# Sort of a rant about my instructor



## LifeInTheIrons (Mar 28, 2015)

Hello there guys. I had a riding lesson today and just became very frustrated with my instructor. Now, before you tell me straight away to go find a new trainer, let me explain something to you: 1). She is a good horse trainer but isn't great around people. 2). There are very few trainers that are close enough to my house for me to go to, and she is the only one I am able to afford.

So, I can't get a new trainer, but here is my problem: She is always, ALWAYS so negative and pessimistic. At my last show, I mentioned to her a nice comment from the judge on my dressage test score sheet. She immediately went off on me about how "The nice comments don't matter. You should only be focusing on the bad ones, because those are the only things that help you learn," and so on. I get that the judge's comments are to help you learn. But I also don't think that I should ONLY be focusing on the bad aspects of my test. 

Other comments she make to me include, "Your horse isn't good enough to do this class at the show," or, "If he steps on his lead rope while you're grazing him, he'll step on it and freak out and kill himself, and it'll be your fault." Come on, really? If I want to do a class at a horse show, I can do it if I want. Showing is supposed to be about having fun and trying new things, after all. Also, I'm not careless and negligent enough to let my horse get all tangled in his lead rope. My horse has stepped on his rope before, yes, but whose horse hasn't? I just move him over a step and boom, all better, he's not on the rope anymore. I guess all I'm saying is, I wish she would explain things to me less negatively, for example, why can't she just say "Be careful he doesn't step on his rope, or he could get hurt," instead of saying he'll kill himself and it'll be my fault? 

Thanks for listening to my rant . Any advice is appreciated


----------



## ducky123 (May 27, 2014)

LifeInTheIrons said:


> Showing is supposed to be about having fun and trying new things, after all.

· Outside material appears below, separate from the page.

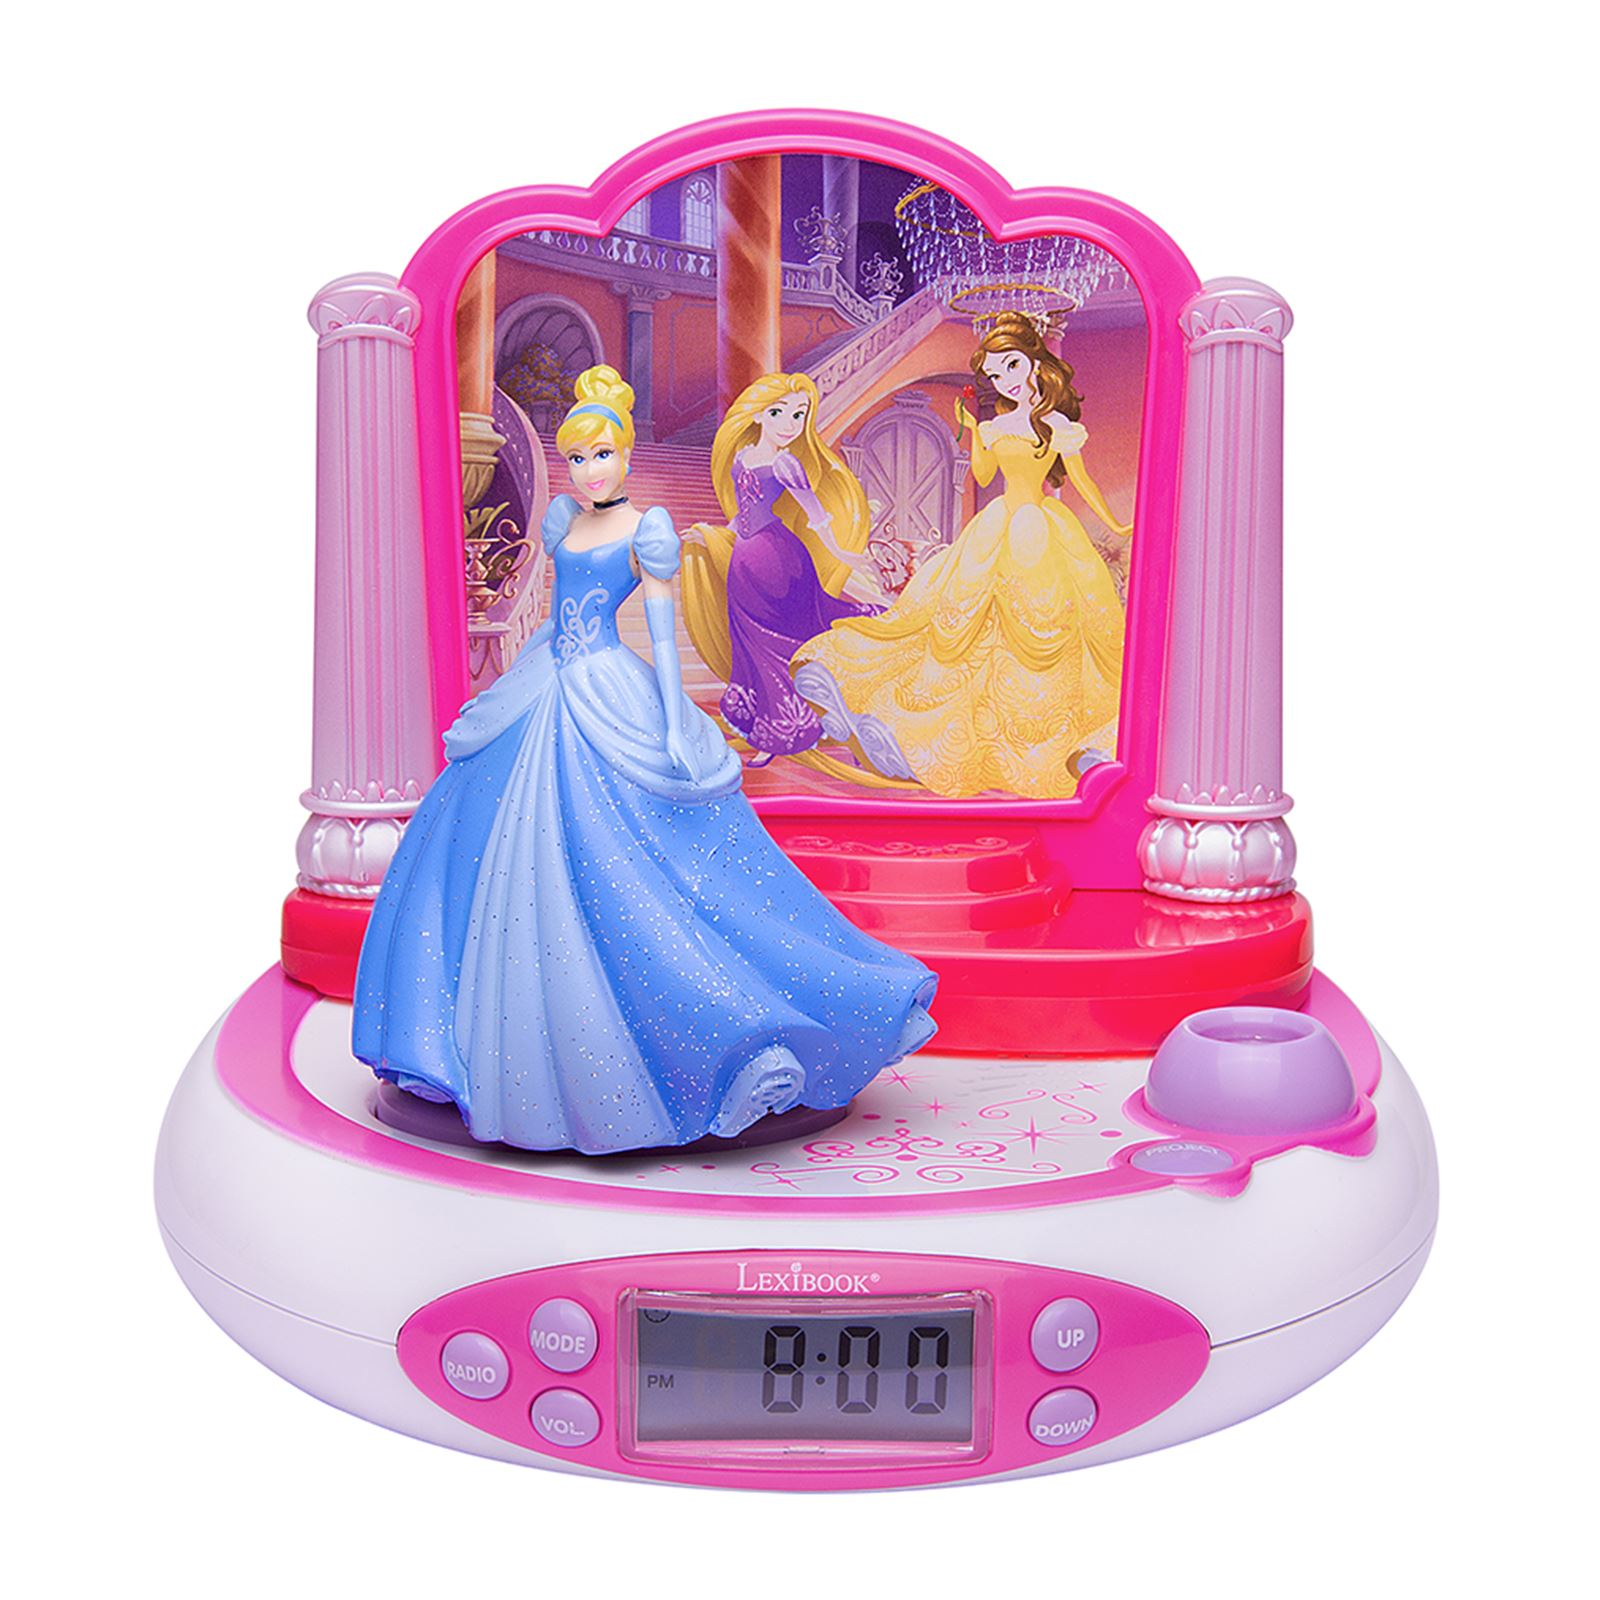 disney princess projector alarm clock radio 100 official kids new ebay. Black Bedroom Furniture Sets. Home Design Ideas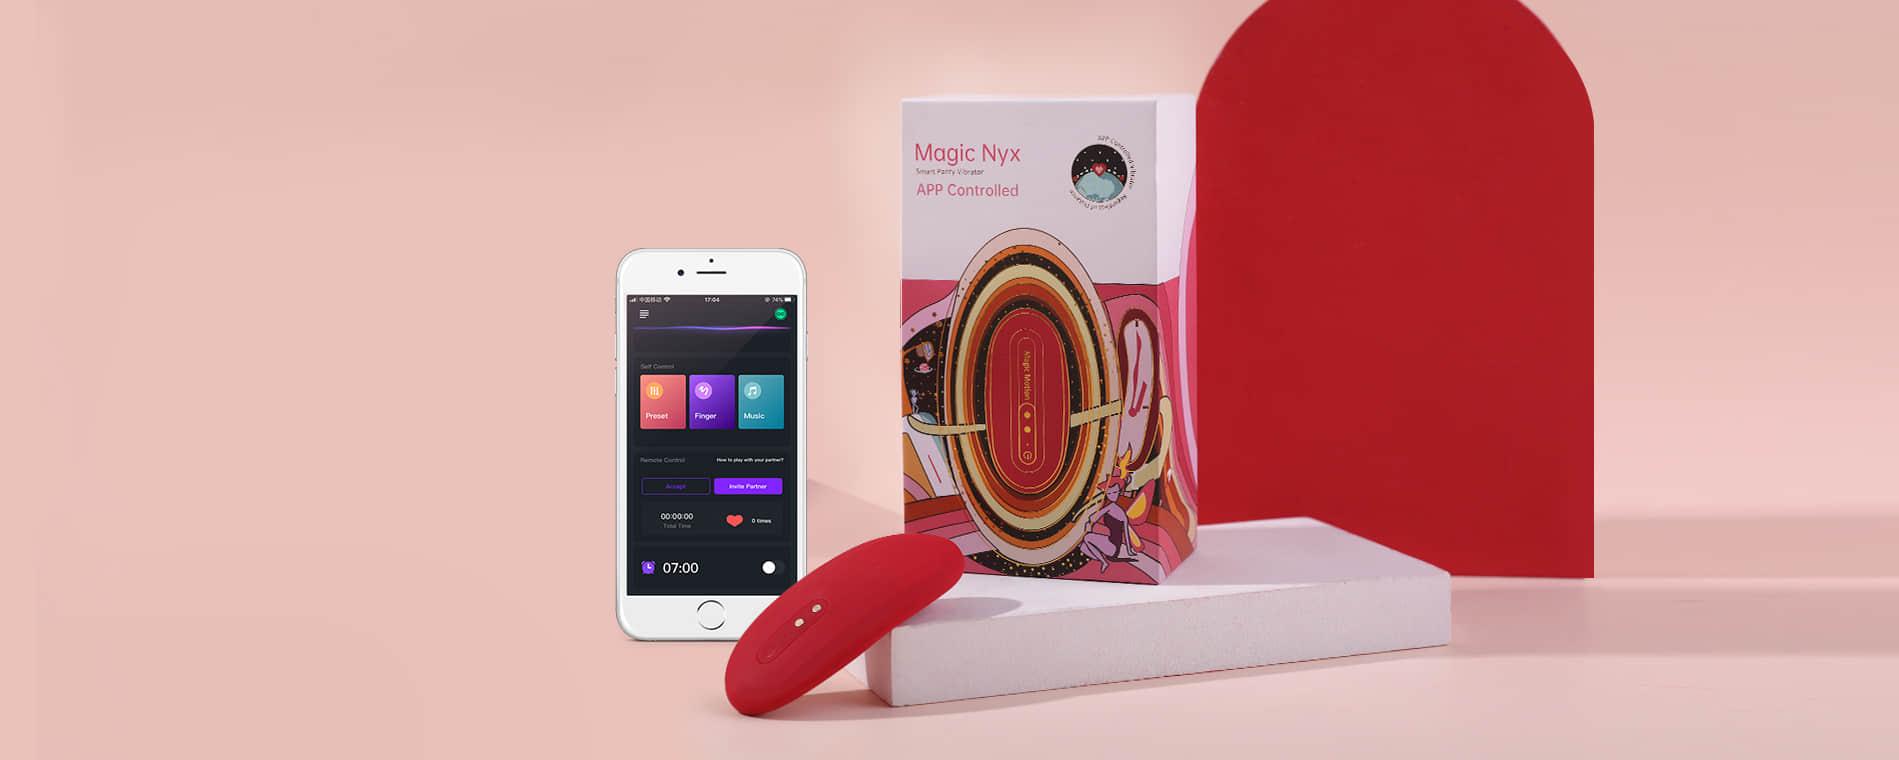 Magic NYX Magic Motion, panty vibrador reloj despertador y larga distancia bluetooth / APP

It sounds like you and your trainer have different goals for *you*. When I'm working with someone, showing is about winning because winning is fun and losing (when your horse is capable of winning) just plain sucks. And the very last place I want someone to "try new things" is at the show. At the show we ONLY do what we practiced (and practiced and practiced).


----------



## tinyliny (Oct 31, 2009)

what makes her such a good trainer? to me, a good trainer trains the hrose NOT to freak if he steps on the leadrope, so it's not an issue.


----------



## waresbear (Jun 18, 2011)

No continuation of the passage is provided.